Storage-decoupled brokers
  • ·Confluent WarpStream / Kora — stateless brokers backed by S3, ~10× cheaper at high throughput.
  • ·AutoMQ — open-source stateless Kafka on S3.
  • ·Use when egress + replication costs dominate your bill — typical for global, write-heavy workloads.
Stream processing
  • ·Apache Flink 2.x — SQL + DataStream, disaggregated state (ForSt), materialized tables (FLIP-435), exactly-once. Cross-team production default.
  • ·Kafka Streams — JVM library, in-app, no separate cluster. Use for service-local processing only.

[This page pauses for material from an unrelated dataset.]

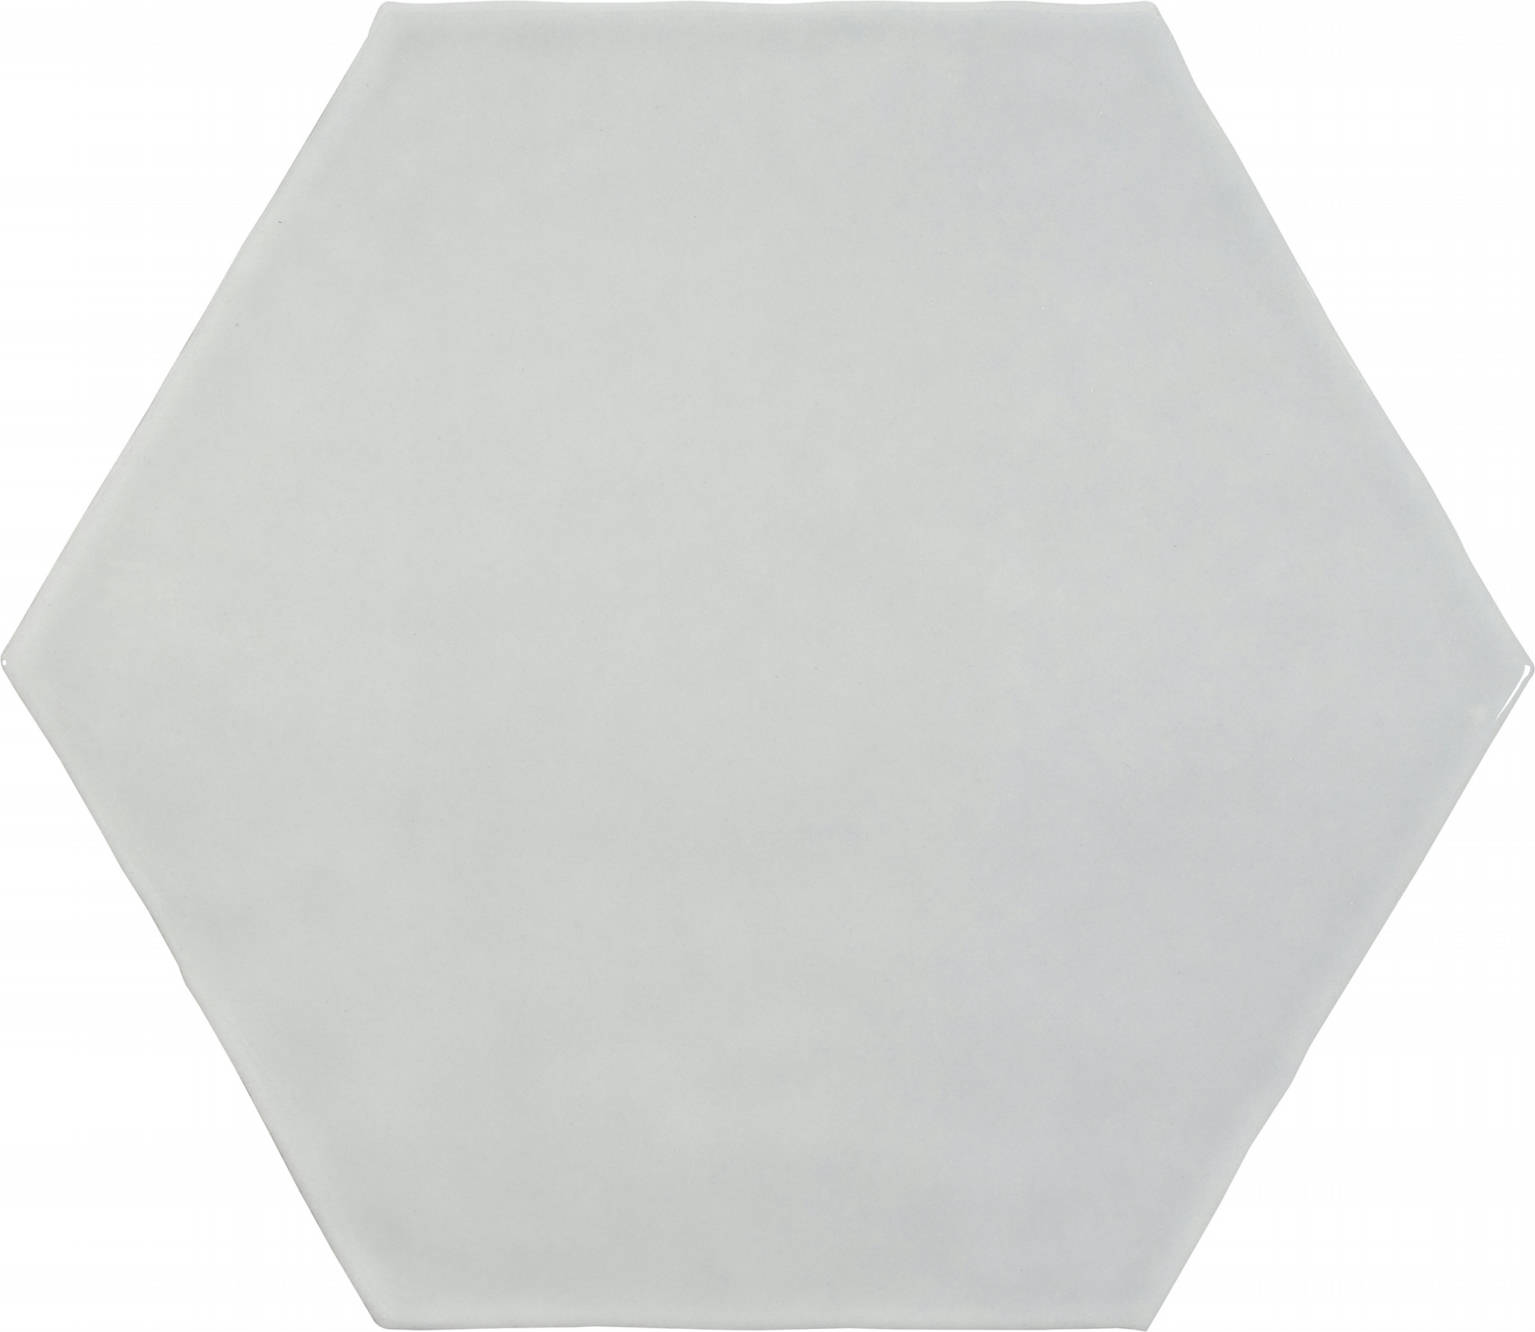 6" Bright Silver Glossy Hexagon | Arley Wholesale

  • ·RisingWave / Materialize — streaming SQL databases. Use when you want a Postgres-shaped face on a stream.
  • ·ksqlDB — being deprecated in favour of Flink SQL on Confluent Cloud. Migrate.
Schema Registry
  • ·Confluent Schema Registry — the de facto. Free for community licence; paid for advanced features.
  • ·Karapace — Aiven's open-source SR (Apache 2.0). Drop-in replacement, lighter footprint.
  • ·Apicurio Registry 3.x — Red Hat's. Avro/Protobuf/JSON Schema/AsyncAPI, integrates with Kafka.
CDC + Lakehouse
  • ·Debezium 2.x — Postgres / MySQL / MongoDB / SQL Server tail. Engine + Server modes.
  • ·Confluent Tableflow (GA 2025) — exposes Kafka topics as native Iceberg tables.
  • ·Apache Iceberg + Kafka Connect S3 sink — DIY lakehouse stream landing.
  • ·Estuary Flow / Decodable — managed CDC + transforms when you don't want to run Debezium yourself.
Observability
  • ·OpenTelemetry — instrument producers/consumers/Flink jobs with kafka.* spans.
  • ·Prometheus + Grafana — RED metrics + consumer lag from JMX/Kafka exporter.
  • ·Confluent Health+ / Lenses / Conduktor — operator-grade dashboards.
  • ·Streamdal — runtime data observability (in-flight payload validation).
Avoid / migrate
  • ·ZooKeeper-based Kafka (3.x and below) — KRaft is the only supported mode in 4.x.
  • ·ksqlDB — Confluent's own roadmap points to Flink SQL.
  • ·Custom JSON-on-the-bus without a Schema Registry — every regret in streaming starts here.
  • ·Spark Structured Streaming for sub-second latency — Flink wins clearly here.